Goldman Sachs Group Inc joined a rush of borrowers selling new bonds in Europe yesterday after the US pledged a massive stimulus package, adding fuel to a global credit-market rally.
The Wall Street giant is offering euro-denominated senior notes a day after Bank of America re-opened the European market for the securities. Yet deals are coming at a cost. Goldman is offering a spread about four times as much as what it paid to sell euro 10-year notes just two months earlier, according to data compiled by Bloomberg.
“Issuers are coming with high new issue premiums,” said Arnaud Colombel, head of credit at La Banque Postale Asset Management. “The good news is the appetite from investors is quite huge.”
Nine borrowers including Danaher Corp, Heineken NV and Bertelsmann SE & Co KGaA are raising new debt in Europe, as firms take advantage of a fourth day of easing credit risk. Default-swaps on European high-grade corporate debt have fallen to about 90.5 basis points from as much as 130 at the start of the week as markets digest the more than $2tn of spending and tax breaks in the US, alongside Federal Reserve measures to ensure credit flows through to corporations.
“The reaction in euro bond markets so far has been reassuringly positive, with CDS indices tightening yesterday and primary markets finally showing signs of life,” said Tomas Hirst, a strategist at CreditSights Inc.
However, he cautioned of “significant uncertainties” remaining over corporate cash flows.

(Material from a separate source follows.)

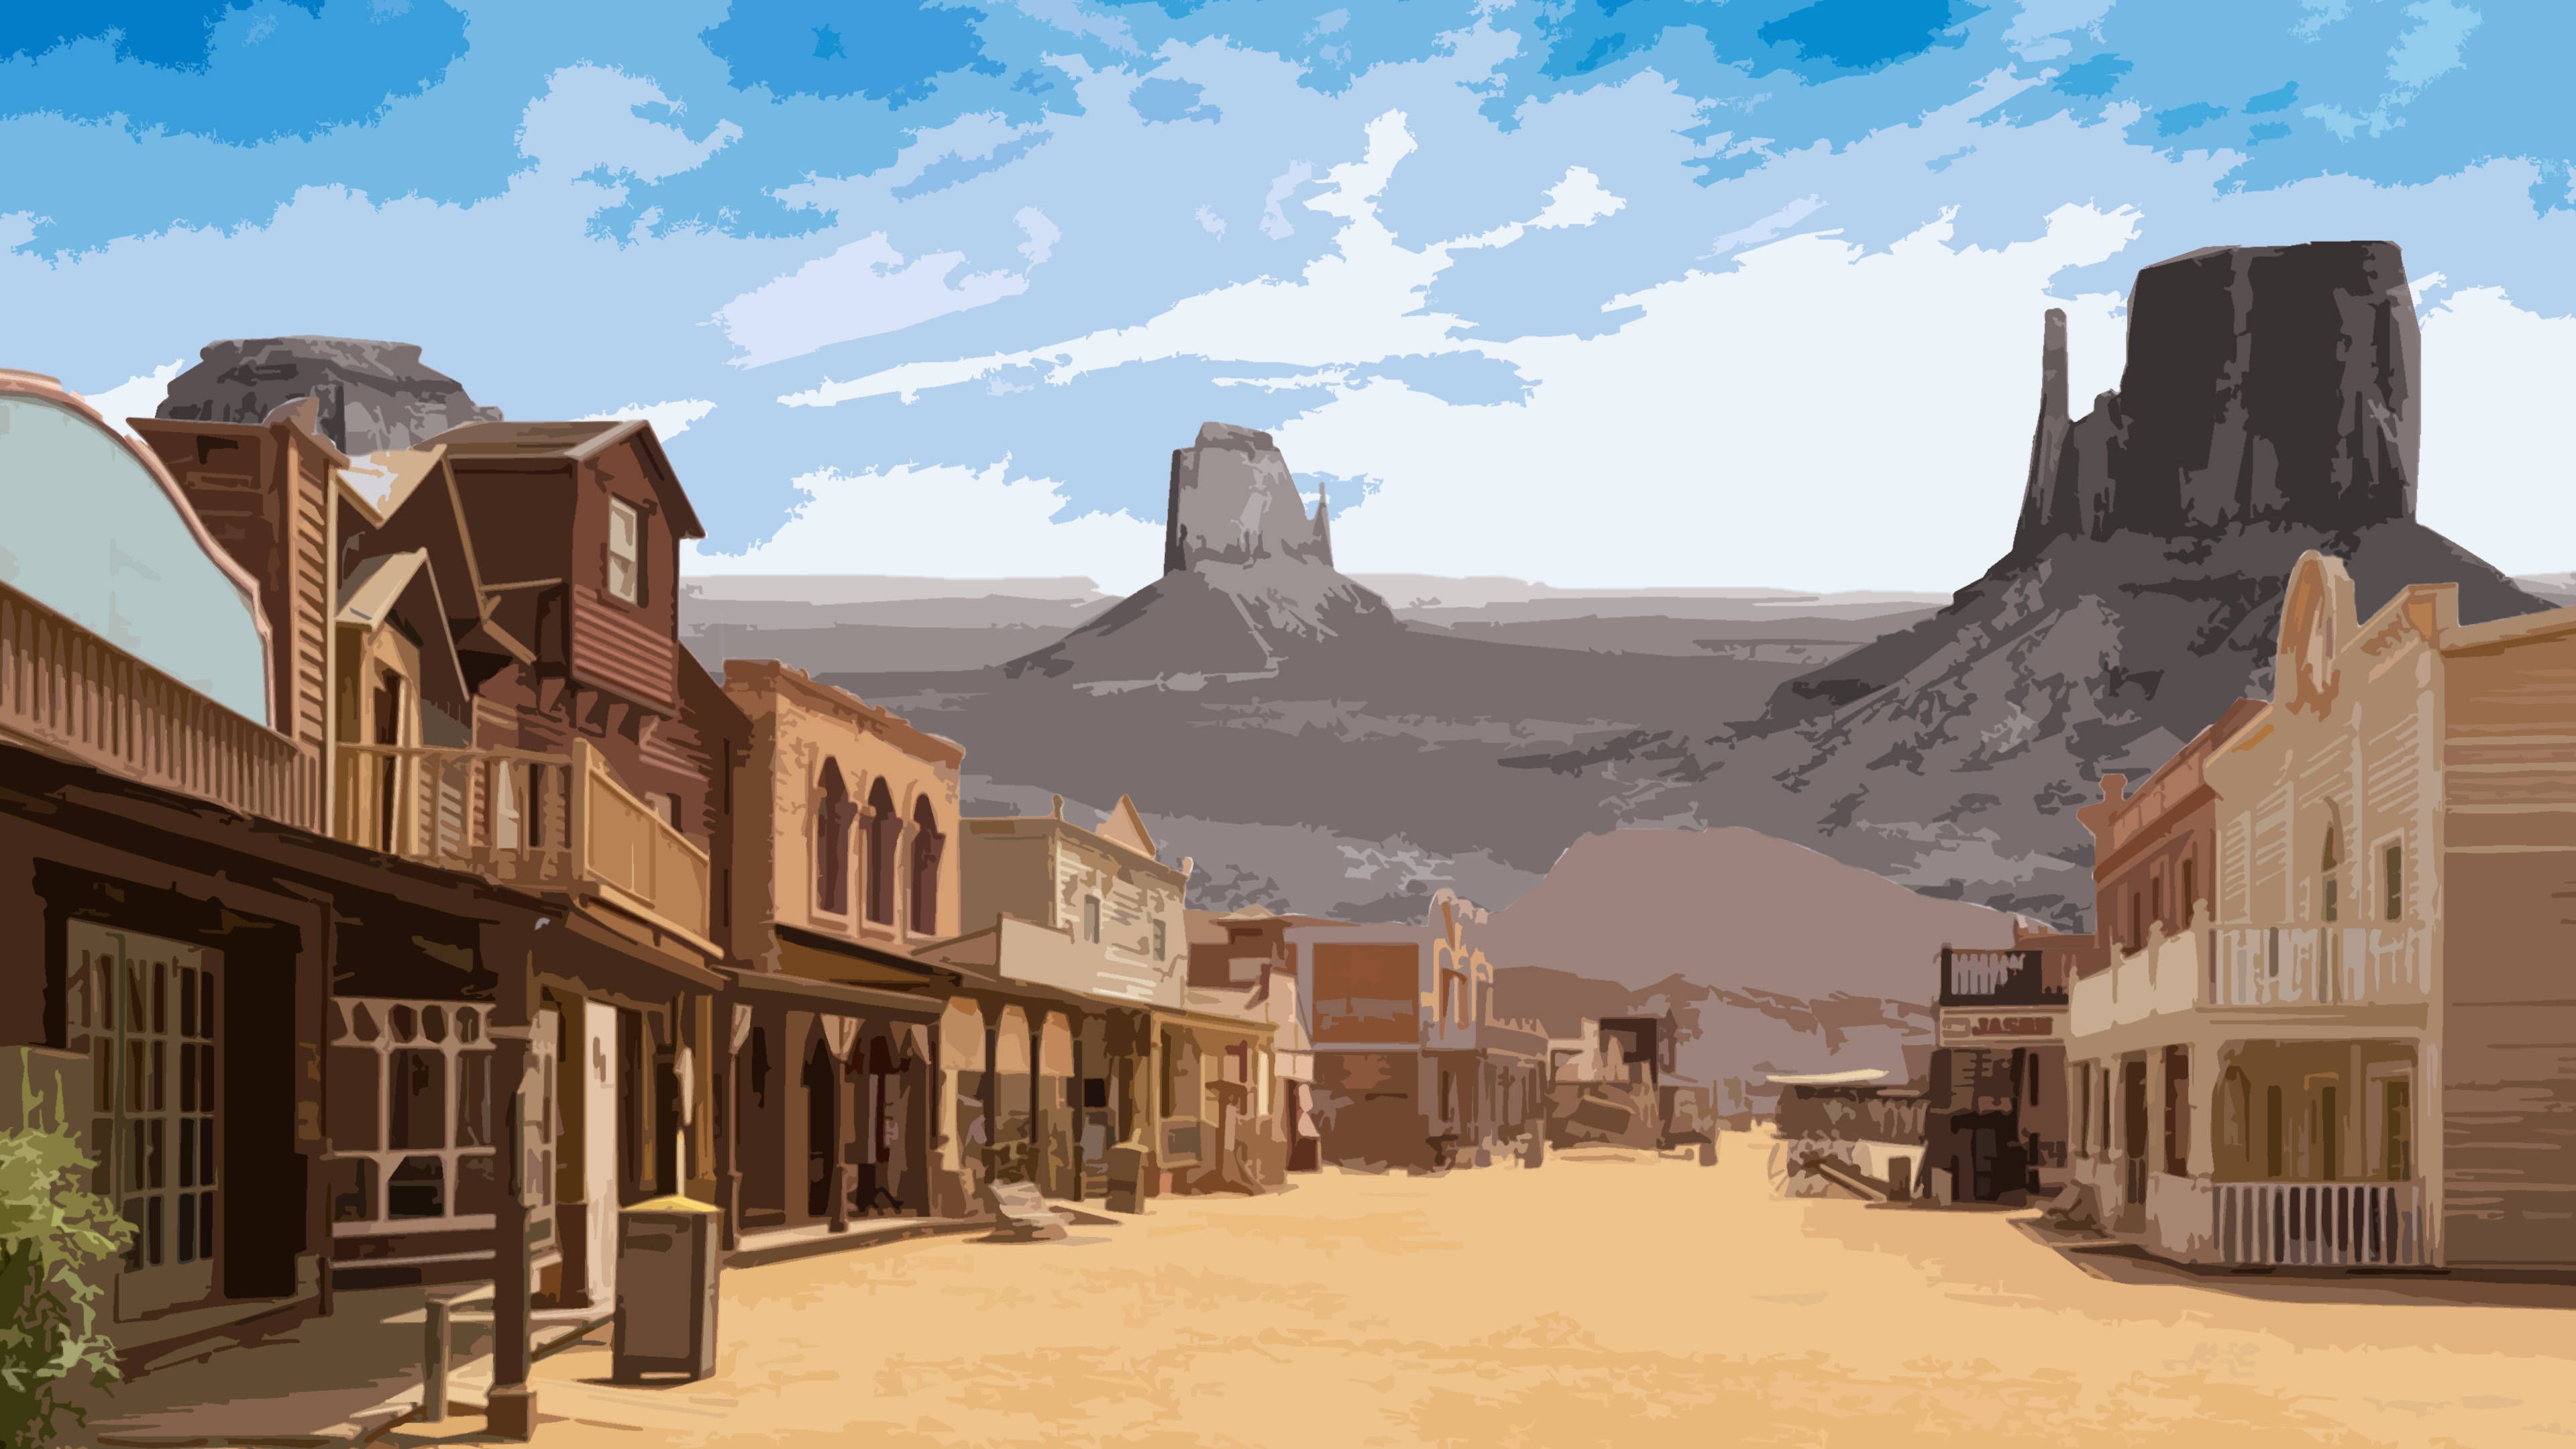 A painting of an old west town - Texas, western, desert, cowgirl

Europe’s strong open follows a positive session in Asia, where the cost of insuring against bond defaults slid further after the biggest retreat since 2008 on Tuesday. Still, major risks for credit markets abound as money managers try to work through unprecedented investor redemptions and countries struggle to deal with the coronavirus pandemic that’s killed almost 19,000 people.
“In the medium term, for the rally to continue, it depends on public health measures being effective and the virus infection rate globally decreasing sustainably,” said Ek Pon Tay, portfolio manager for emerging-market fixed income at BNP Paribas Asset Management. “I’ve been buying since late last week. I like the risk reward of being long here,” he added, singling out a preference for Chinese names.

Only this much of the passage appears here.